The durif /petit surah I did a while back is from the same district. Rutherglen on the Murray River ,I grew up about 90 minutes north on the Murrumbidgee River.

The convict history marketing is better than cutesy wild life 
	

	
	
		
		



		
		
	


	





.Durif /shiraz as a blend is getting traction here.Durif was the backbone of the fortified wine industry .Its emergence as table wine more recent.


----------



## leah elisheva (Sep 25, 2014)

Mick, thank you tons!!!

This was so damn delicious, I must say! I love grilled roo but think it's better raw. Indeed, you should be getting elk if we are receiving all your great meats!
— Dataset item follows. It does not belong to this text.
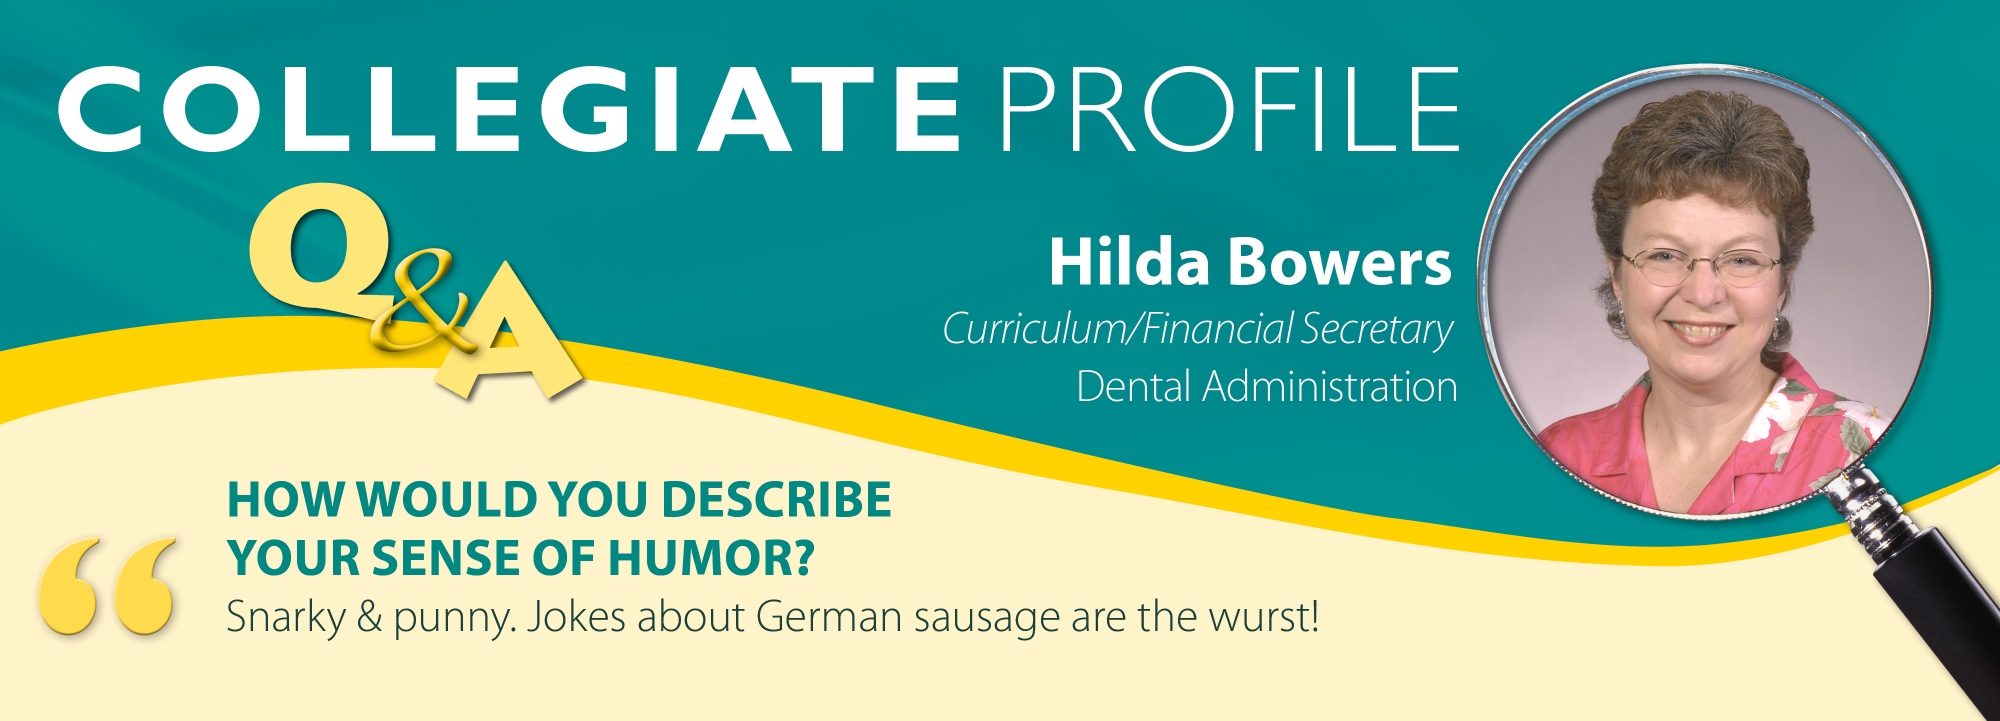 Hilda Bowers June collegiate profile

Meanwhile, I LOVE learning about the wine! I RARELY can get anything in the grocery store and not erupt with some horrible stars & stripes reaction on my skin and so forth; and so I keep grabbing a bottle when in the store buying food as I'm so grateful to have a quick pick there that works and is enjoyable!

The Durif seems to give it real structure and it's interesting that you have so much of that combo there! How fantastic!
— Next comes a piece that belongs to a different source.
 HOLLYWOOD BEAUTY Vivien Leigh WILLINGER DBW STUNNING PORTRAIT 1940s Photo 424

The other Baileys of Glenrowan wines must be really nice! And yes, the funny convict theme is more interesting at least than fuzzy kualas or whatnot.
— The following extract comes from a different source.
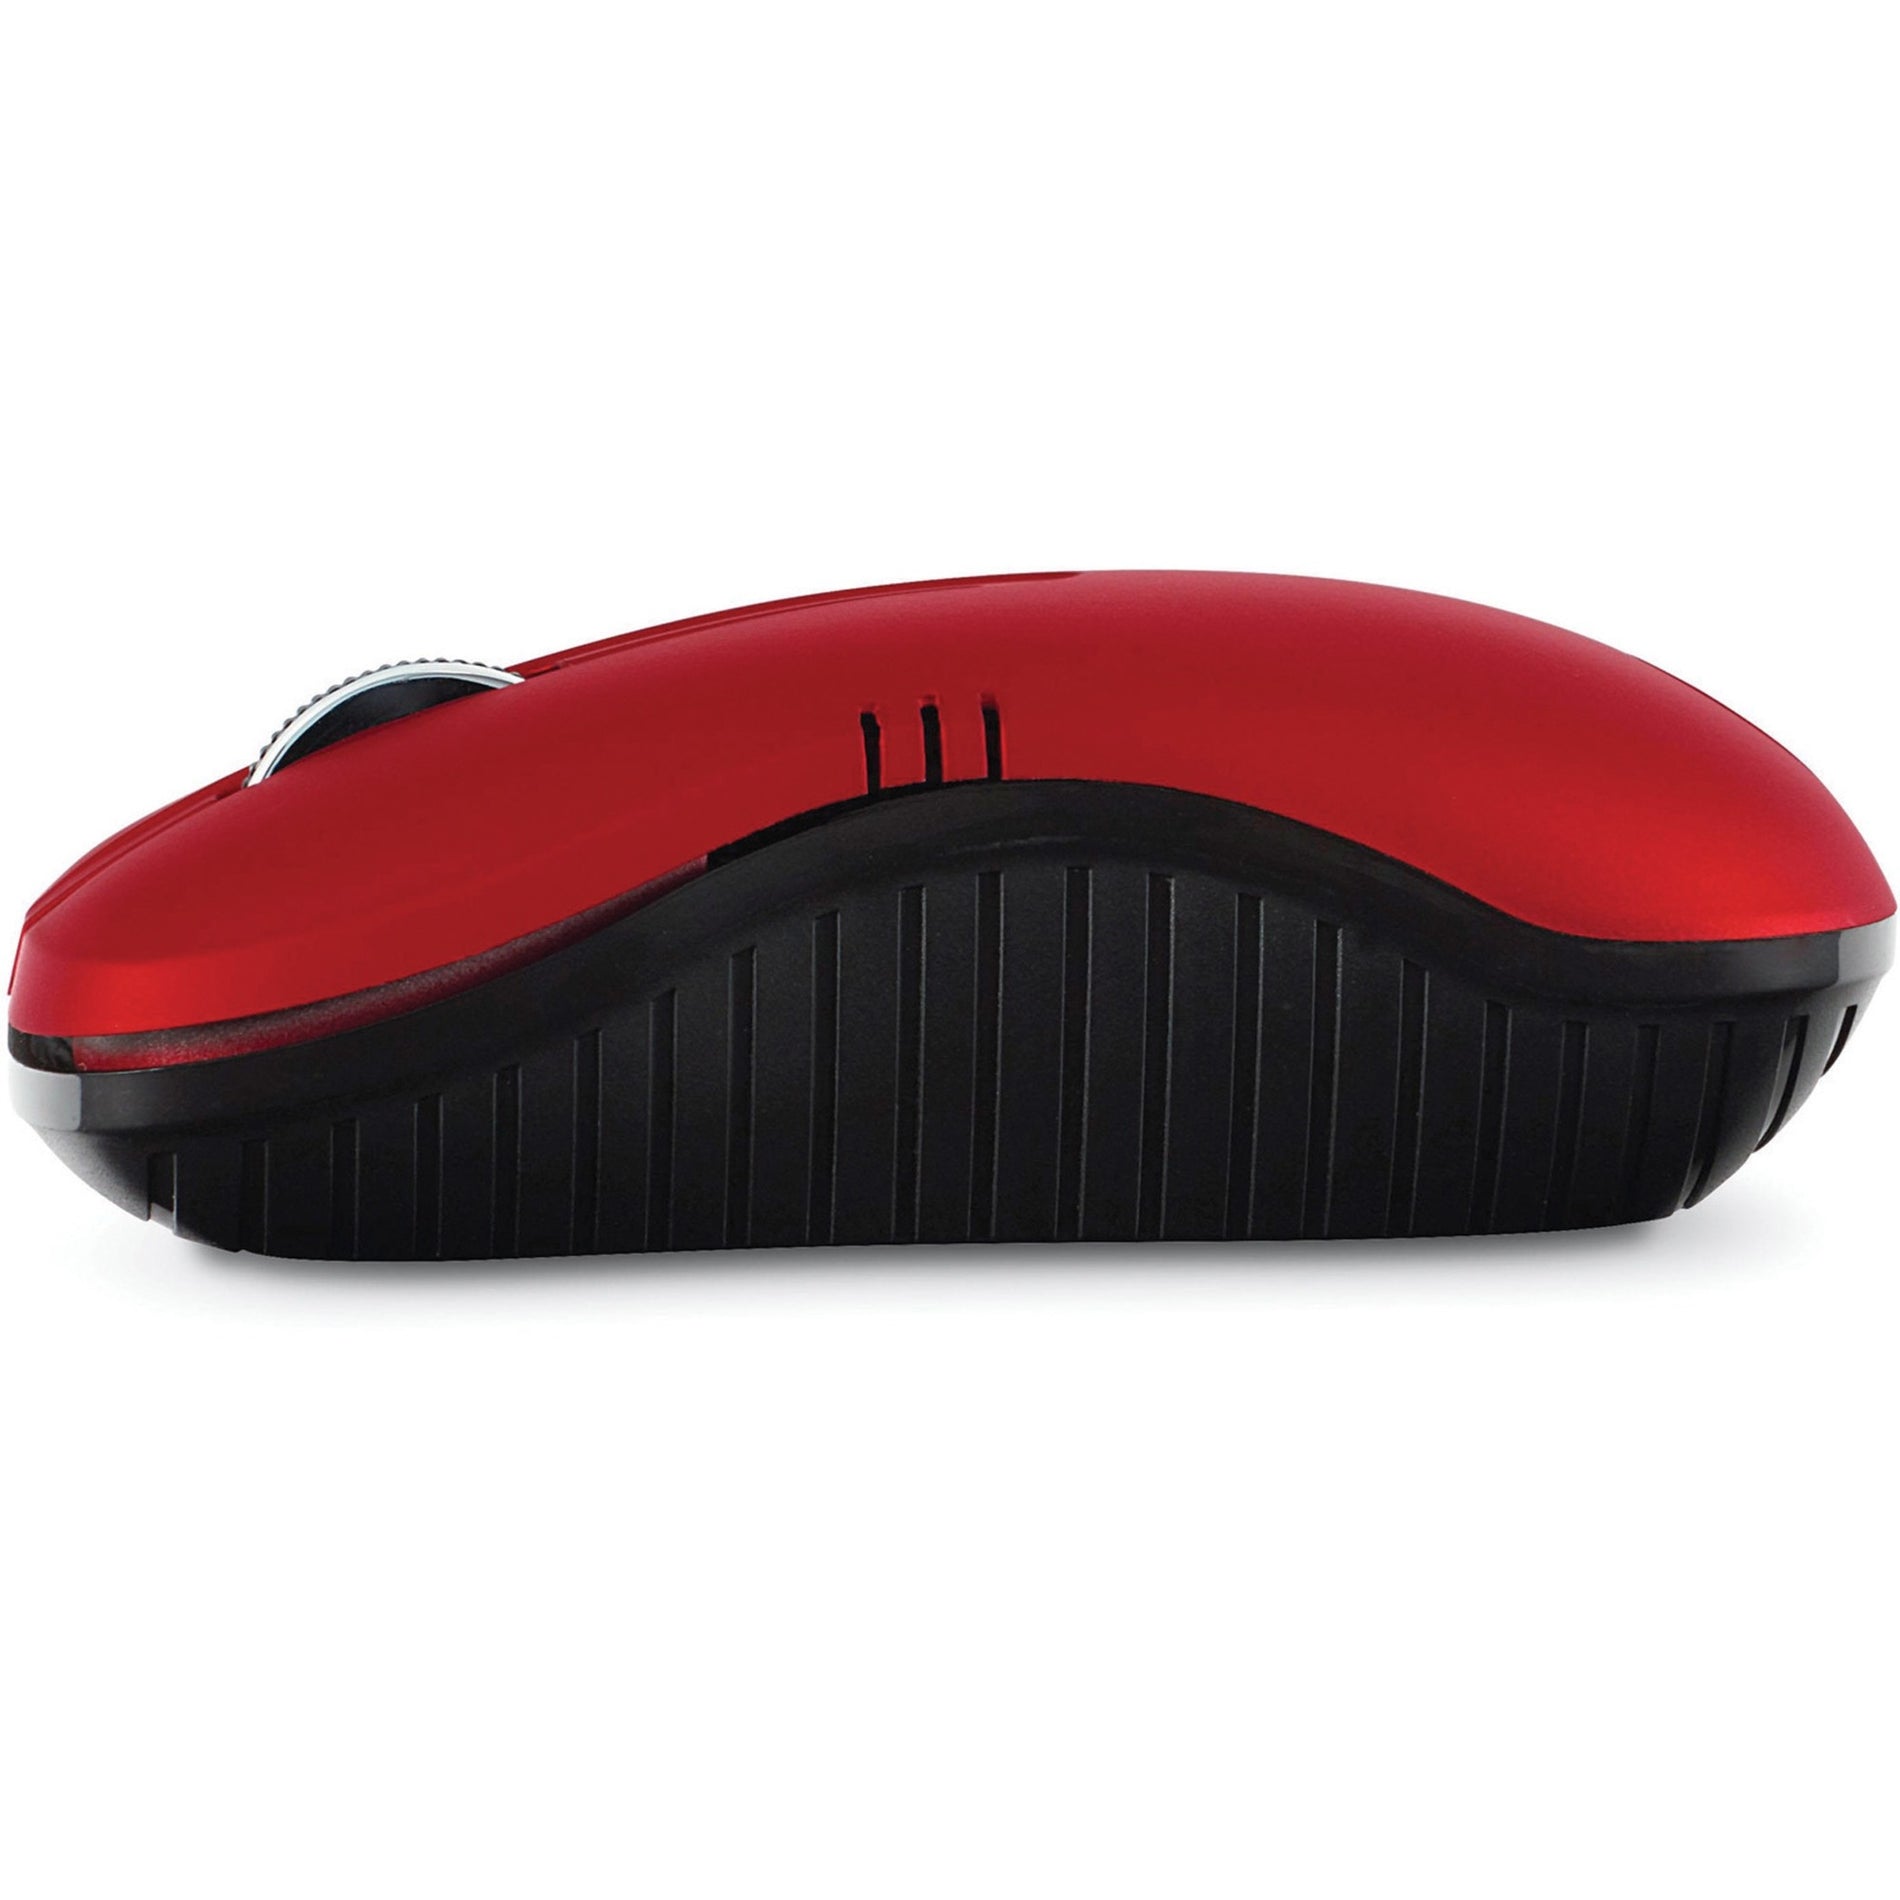 Verbatim 99767 Wireless Notebook Optical Mouse, Commuter Series - Matte Red

Thank you for helping me to learn about what I'm drinking! We get a lot of junky imports and when I find the good ones, (thanks to your help mostly), it's just such a treat!

Keep the info coming!!! And I'm excited about your upcoming vacation & food!!! Cheers! - Leah


----------



## pc farmer (Sep 25, 2014)

Looks like a great plate.


I have to try smoked apples.


----------



## leah elisheva (Sep 26, 2014)

Thank you Adam!

The apples were used initially because I had them in the house, yet now I loved them with the carpaccio so much, and the subtle contrast up against the raw and baby soft meat with some oil and salt; that I would do it again indeed!

Happy Friday!!!!!!!!!

Cheers! - Leah


----------



## litterbug (Sep 27, 2014)

Leah
  First off I am not a huge seafood fan, although I have eaten it occasionally and do appreciate it (more than I would have thought). I must say that I keep finding myself reading your post with anticipation of how you are putting it all together. Your plating and presentation skills are exceptional to say the least and that is what keeps bringing me back to your post. 
I too love all kinds of different meat.


----------



## leah elisheva (Sep 28, 2014)

Well Litterbug, what a lovely comment to wake up to and receive! Thanks very much!

Indeed it's exciting to sample different meats, or any foods really. I am delighted that you have enjoyed my posts!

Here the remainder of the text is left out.